2.) You join him in his world of "weird ****" and see whether your acceptance of him as a guy who loves "weird ****" lowers his barriers towards you.


----------



## Kraken771

Lance Mannion said:


> You can go two ways.
> 
> 1.) You draw the line on "weird ****" and see whether you can stay in the marriage as it is.
> 2.) You join him in his world of "weird **" and see whether your acceptance of him as a guy who loves "weird **" lowers his barriers towards you.


First of all I'd like him to understand that there is a problem because he thinks nothing is wrong. For him is ok all of this but I am suffering, at the very least I need some acknowledgement of the situation and then perhaps he opens more about it so that I can understand his views. I'm not offended by the fact that he is interested in some weird harmless stuff. I'm more concerned because he seems to be more interested in his fantasy world than in me. I didn't married to become celibate. If he wanted to play with me I would be open to try it. But he is completely shut down to a conversation. I don't know if I should throw my marriage to the garbage over this. I was already trying to accept him as an asexual man, sometimes I feel he's a stranger. I don't really know what he's thinking.


----------



## TJW

I'm so very sorry you find yourself in that predicament. I had a GF who was somewhat like your husband. Thanks to the mercy and grace of God, I didn't marry her.



Kraken771 said:


> I'd like him to understand that there is a problem because he thinks nothing is wrong.

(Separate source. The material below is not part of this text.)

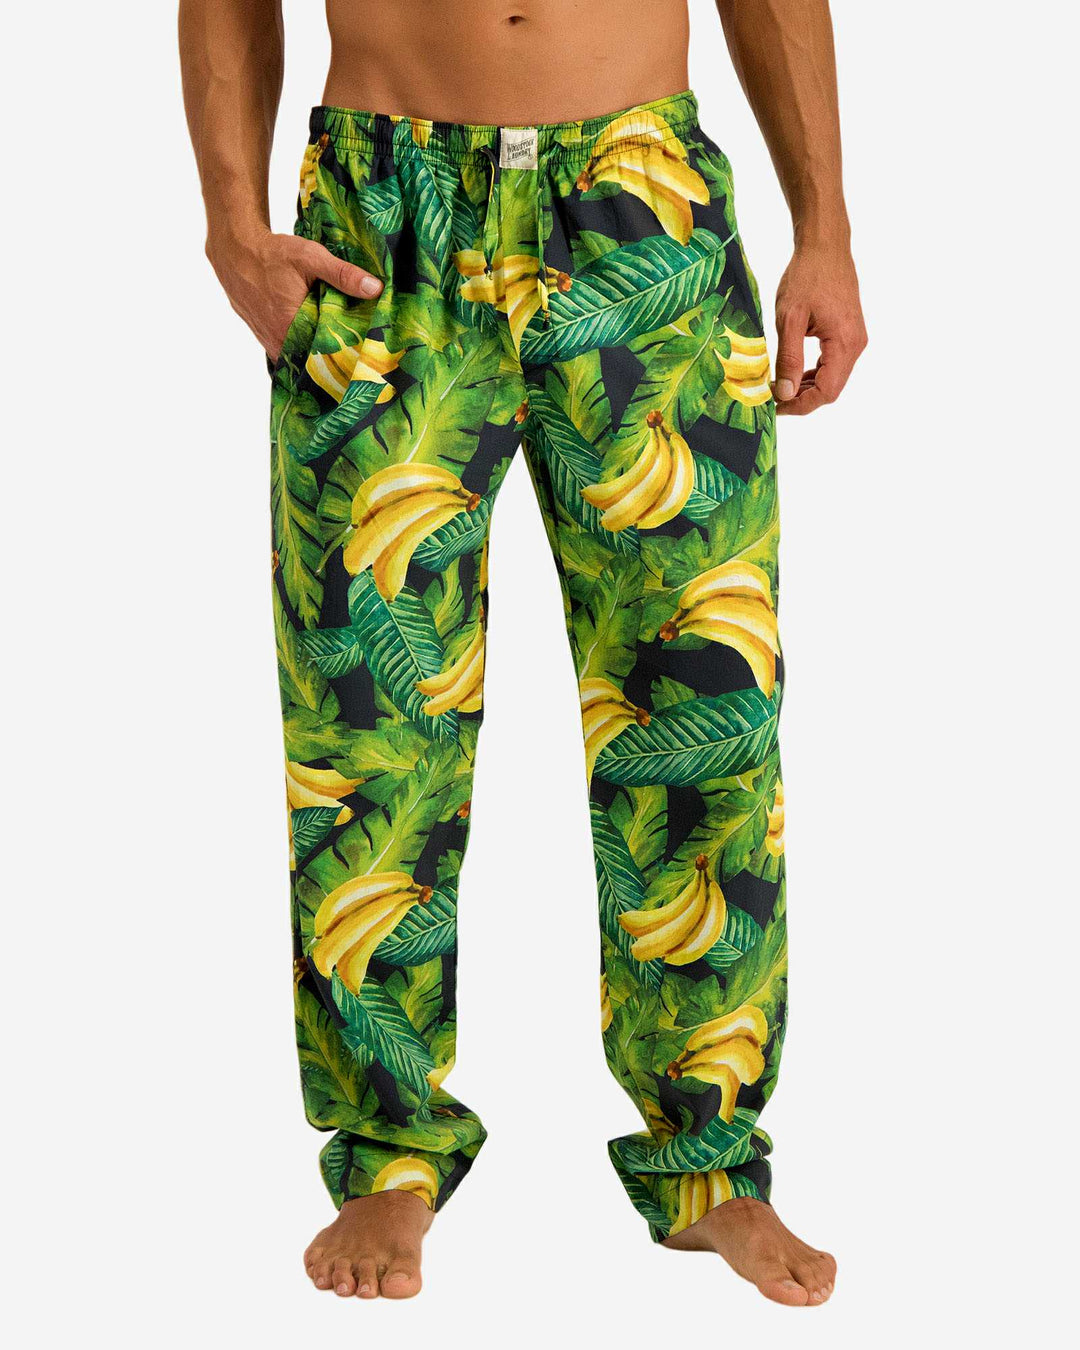 Mens PJ pants - banana on leaves
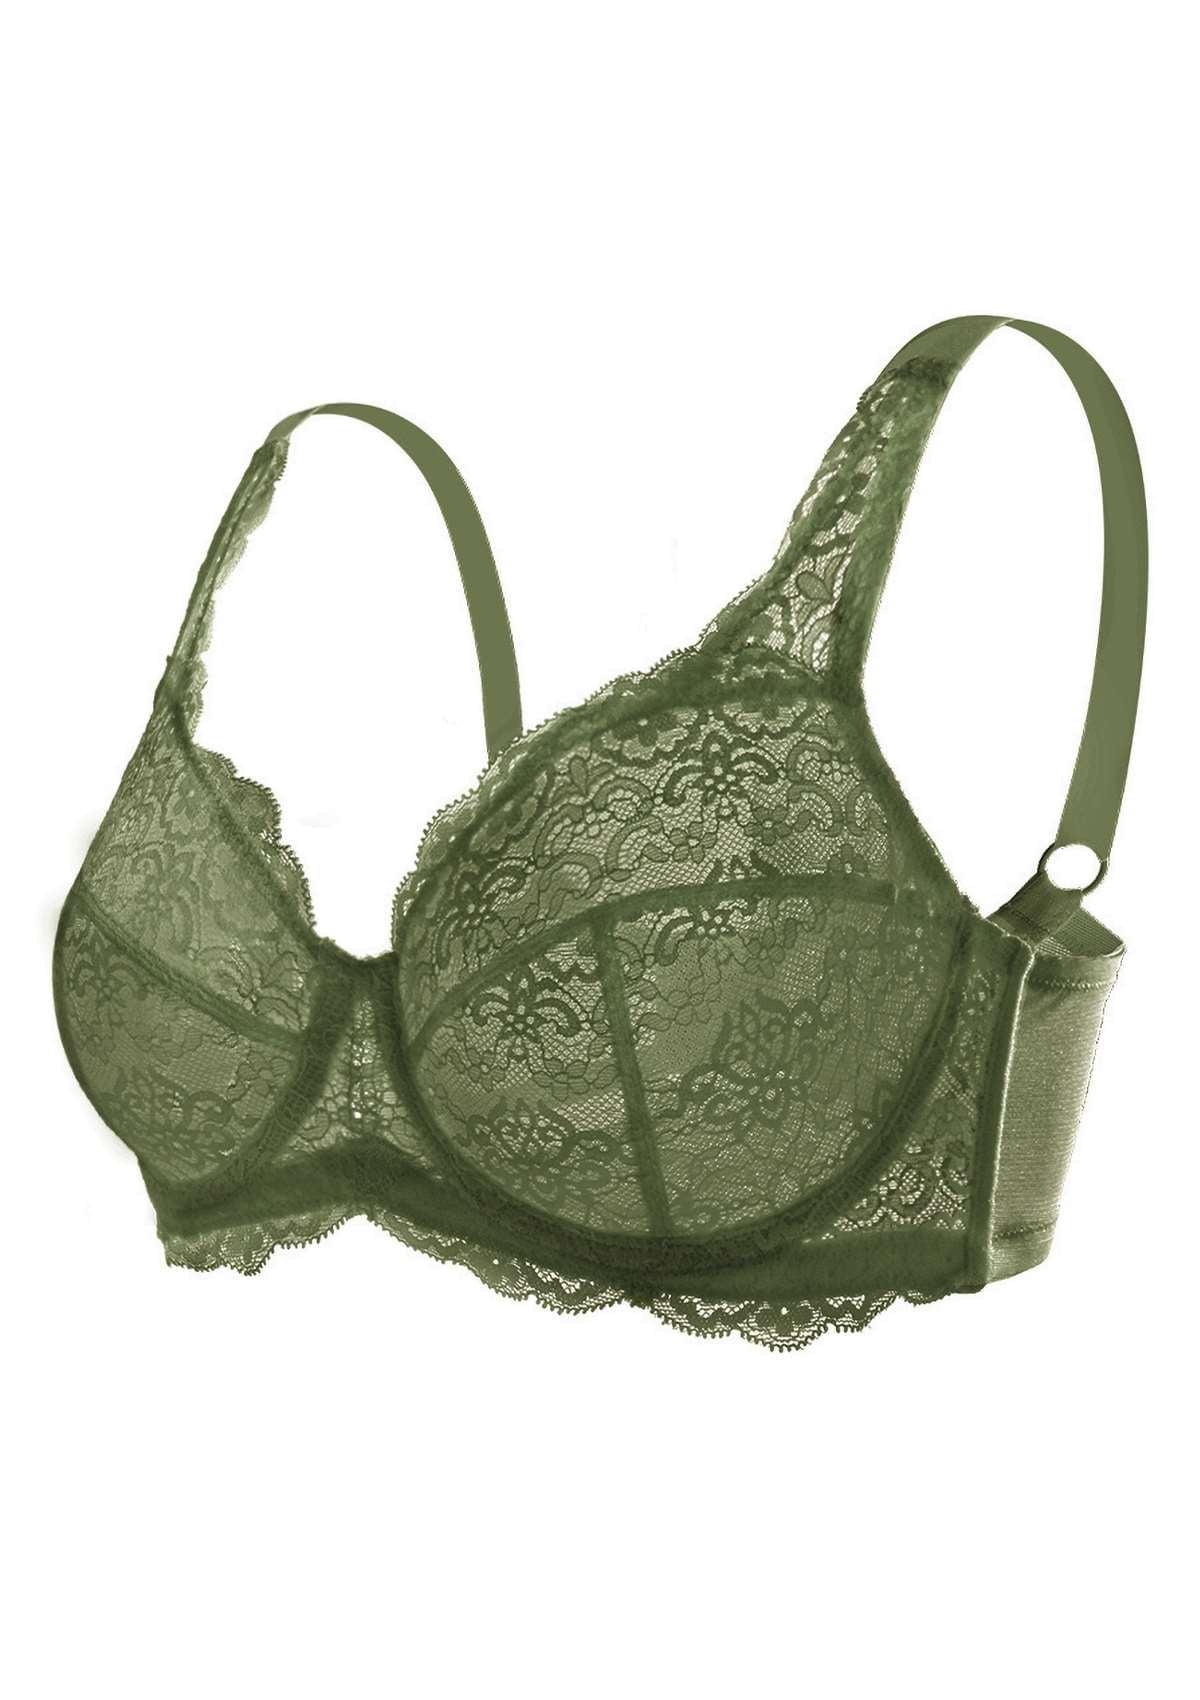 HSIA All-Over Floral Lace Unlined Bra: Minimizer Bra For Heavy Breasts - Dark Green / 38 / DD/E

Thix is a major obstacle which you may never overcome. He is happy in his fantasy-land. It doesn't seem that he wants to leave that world and embrace the real world. Some people "retreat" into fantasy and become sex-conversation-avoidant, because there are some painful occurrences in their past of which they are afraid of recurrence. If this is what has happened to your husband, you may find his "wall" impenetrable. While the "wall" exists, he will not cross over into acknowledgement of the problem.


----------



## Kraken771

TJW said:


> I'm so very sorry you find yourself in that predicament. I had a GF who was somewhat like your husband. Thanks to the mercy and grace of God, I didn't marry her.
> 
> 
> 
> Thix is a major obstacle which you may never overcome. He is happy in his fantasy-land. It doesn't seem that he wants to leave that world and embrace the real world. Some people "retreat" into fantasy and become sex-conversation-avoidant, because there are some painful occurrences in their past of which they are afraid of recurrence. If this is what has happened to your husband, you may find his "wall" impenetrable. While the "wall" exists, he will not cross over into acknowledgement of the problem.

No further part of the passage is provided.